In a coastal town in southern Florida a beautiful moose was born into a loving family. There was a mother, who stayed home and baked cookies, and a father, who went to work at an architectural firm where he designed tunnels and bridges that spoke to humanity's longings for the intrinsic qualities of nature within a structure made of steel and concrete. But this beautiful moose was unhappy, almost from the day of her birth. She wore a sad expression on her face daily. She talked only of sadness and pain and despair, but in metaphysical terms her parents could not understand. At Christmas she felt guilty because she received expensive Barbies and pogo sticks and tinker toys when other children were searching landfills for food. She cared nothing for school and stared out the window while contemplating the number of times the wind blew a dandelion bloom into the side of a building. Her teachers called her lazy. Her parents went to parent-teacher conferences and shook their heads. Her mother could not understand why, her father banged his fists against the wall and cried. The sadness of the beautiful moose was starting to affect the stability of the marriage. Soon there would be an affair with a beautiful bookkeeper. Soon the black leather couch and the dining room table would be all the furniture left in the house.
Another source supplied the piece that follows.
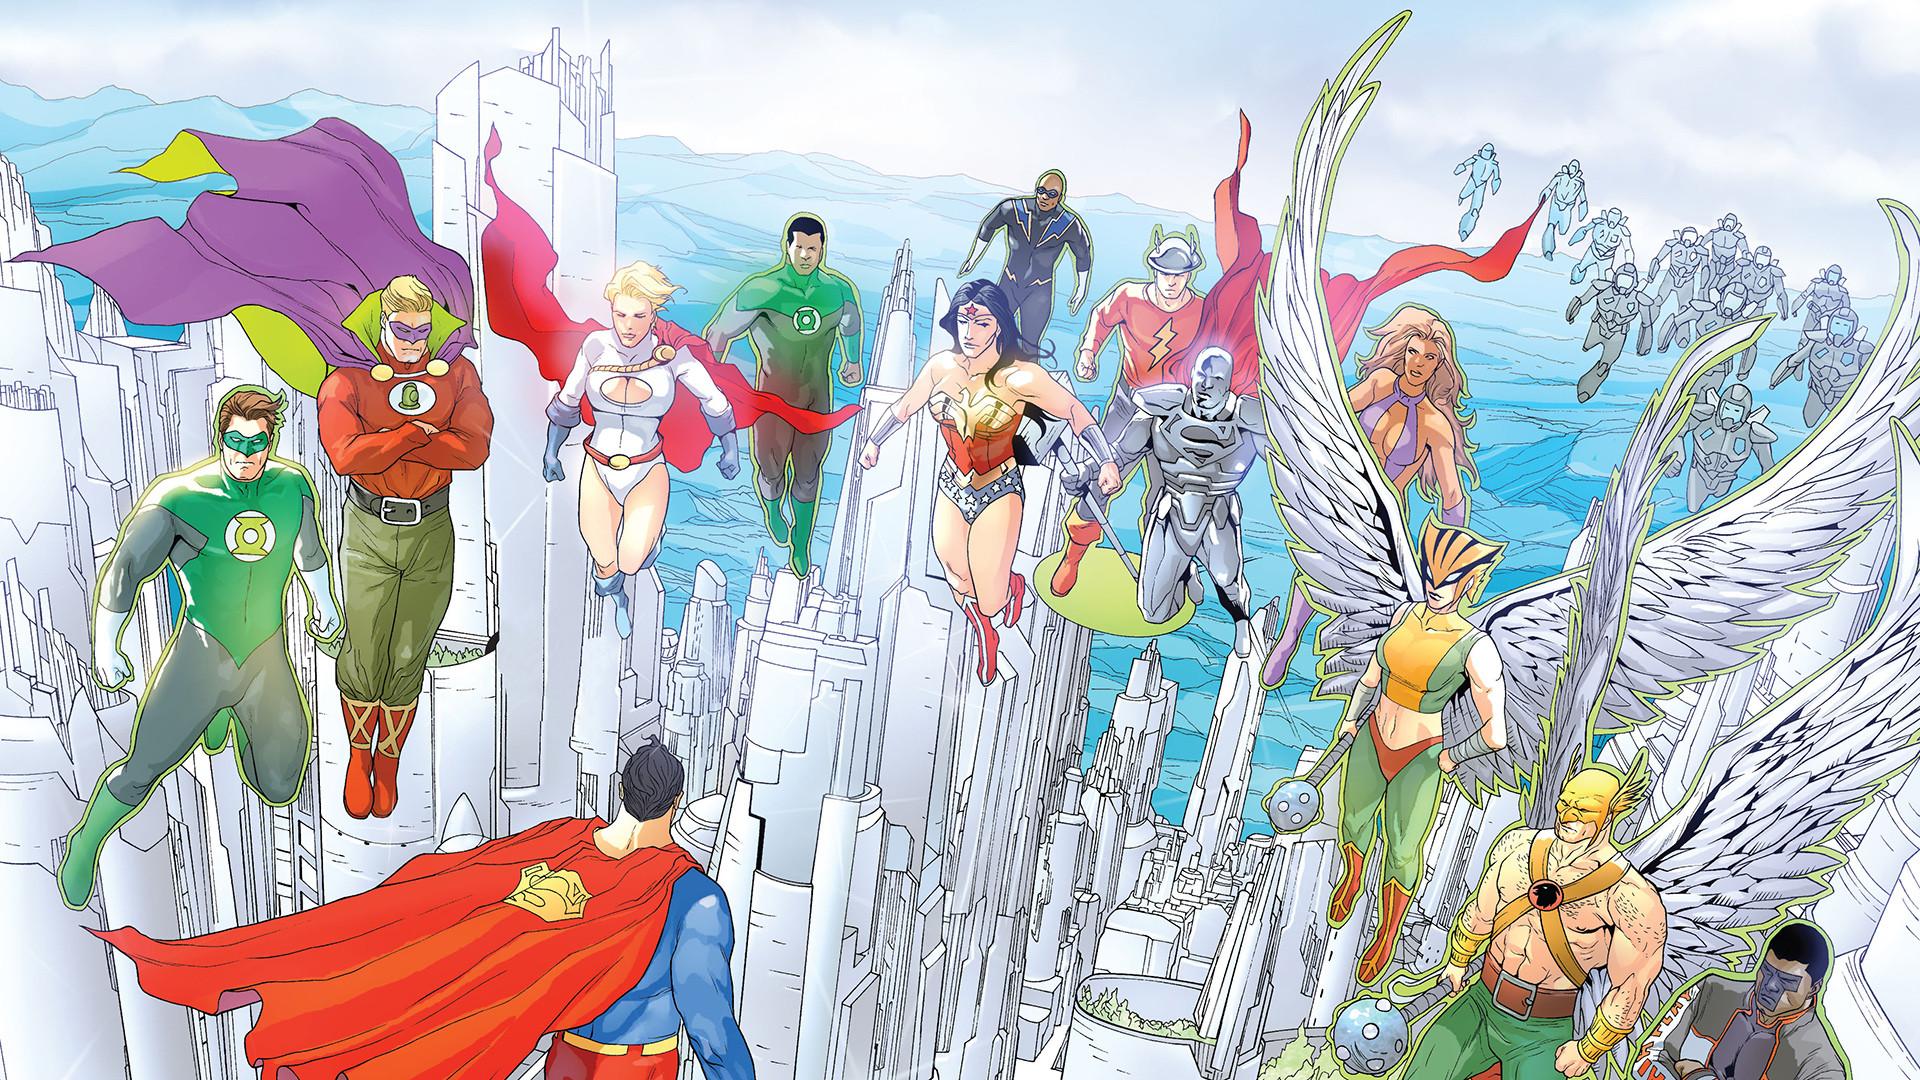 General 1920x1080 DC Comics Justice League Hal Jordan Alan Scott John Stewart Wonder Woman Black Lightning Steel (DC Comics) Jay Garrick Starfire (DC Comics) Hawkgirl Hawkman Mister Terrific Power Girl Green Lantern The Flash Superman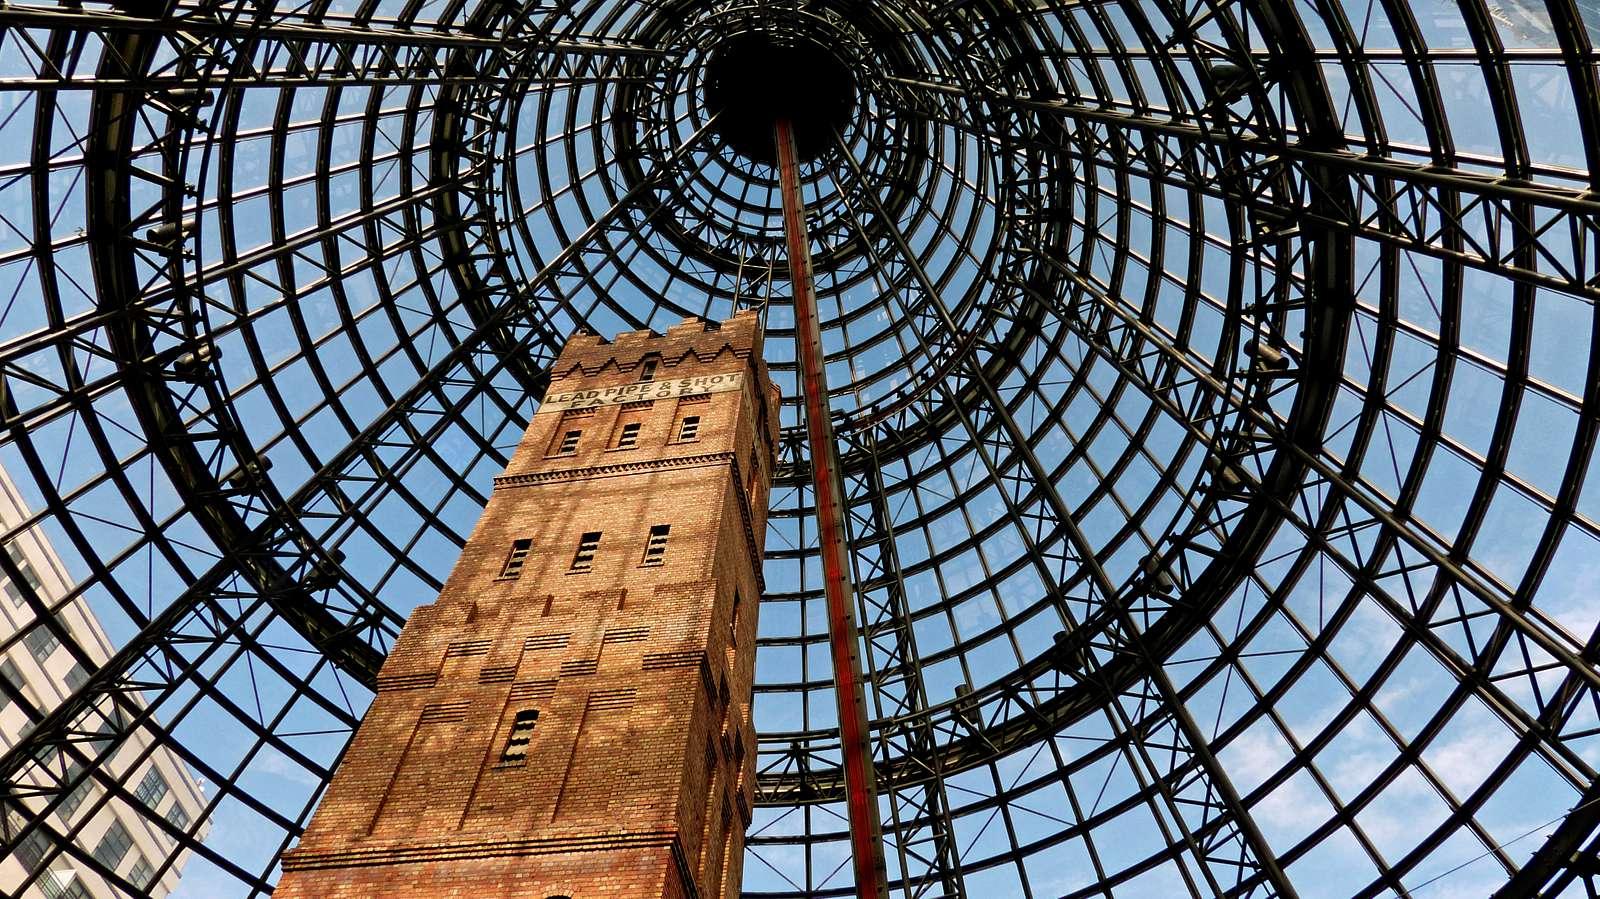 Coop's Shot Tower. Melbourne Aust.

One day, in her freshman year of college, the beautiful moose became enraged with the world, so enraged that she contemplated killing her roommate, her biology teacher, her boyfriend and his dog. She did not understand why she thought of doing these things. She went to a well-recommended moose psychiatrist and told of her fears. The moose psychiatrist wrote down things like passivity, acceptance, indifference, ineffectual rage, and counteractions. He wrote PRIVATE and CONFIDENTIAL on her file and locked it in a mahogany-colored filing cabinet. He gave her a prescription for Xanax. The beautiful moose did not feel any happier, but she also did not care that she was unhappy. She did not kill her roommate or her biology teacher or her boyfriend and his dog. No one ever found out about the file. She graduated with a degree in animal husbandry and married a man who would become a prominent meteorologist at a highly-ranked local station that was independently owned by an environmentalist who believed in Global Warming and drove a hybrid SUV. They were a happy family. They moved to a small forest in Anchorage just far enough outside the city limits. They sharpened their antlers on glaciers made of blue ice and ate clover in the springtime. It was a magical world, but it would not last for long.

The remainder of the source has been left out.